* _Data provided_
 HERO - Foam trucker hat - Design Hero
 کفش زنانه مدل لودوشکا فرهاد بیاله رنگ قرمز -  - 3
--
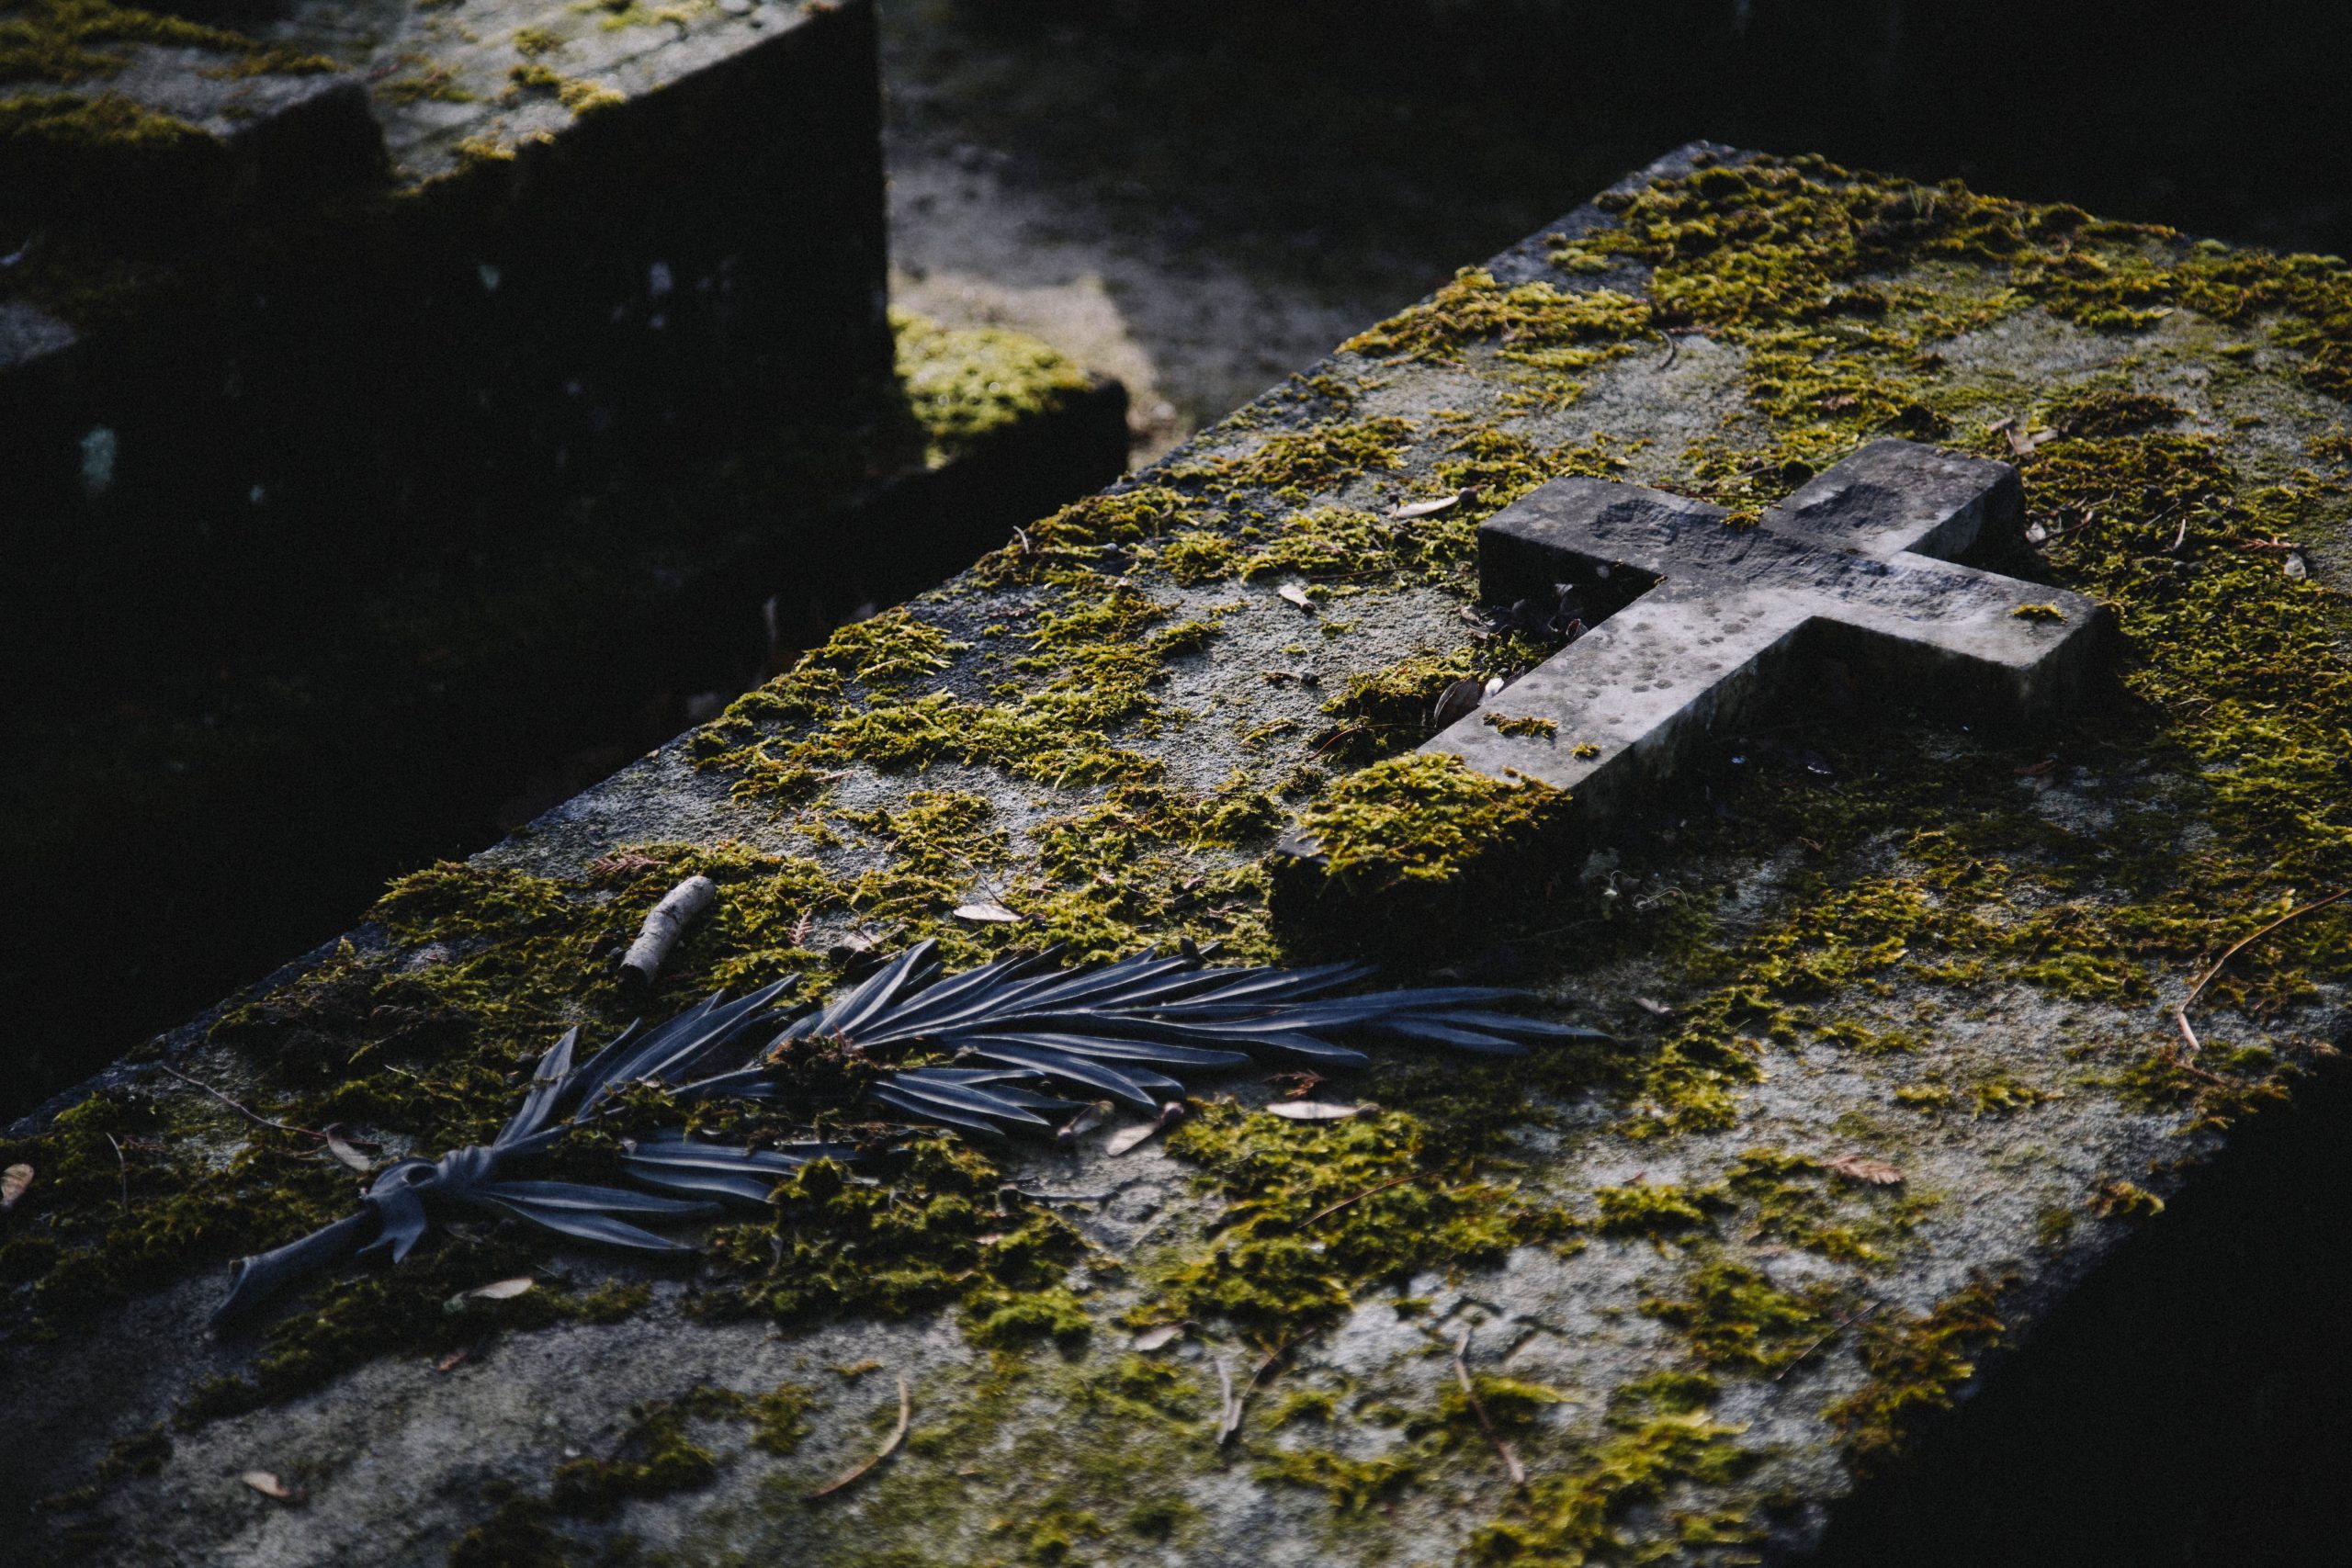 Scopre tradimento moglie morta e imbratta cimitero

* _What the exercise asks_
Output, from the data above, the lines from the line with "HERO - Foam trucker hat - Design Hero" to the line with "کفش زنانه مدل" exactly as they stand, both ends included and nothing else.

* _Expected answer_
 HERO - Foam trucker hat - Design Hero
 کفش زنانه مدل لودوشکا فرهاد بیاله رنگ قرمز -  - 3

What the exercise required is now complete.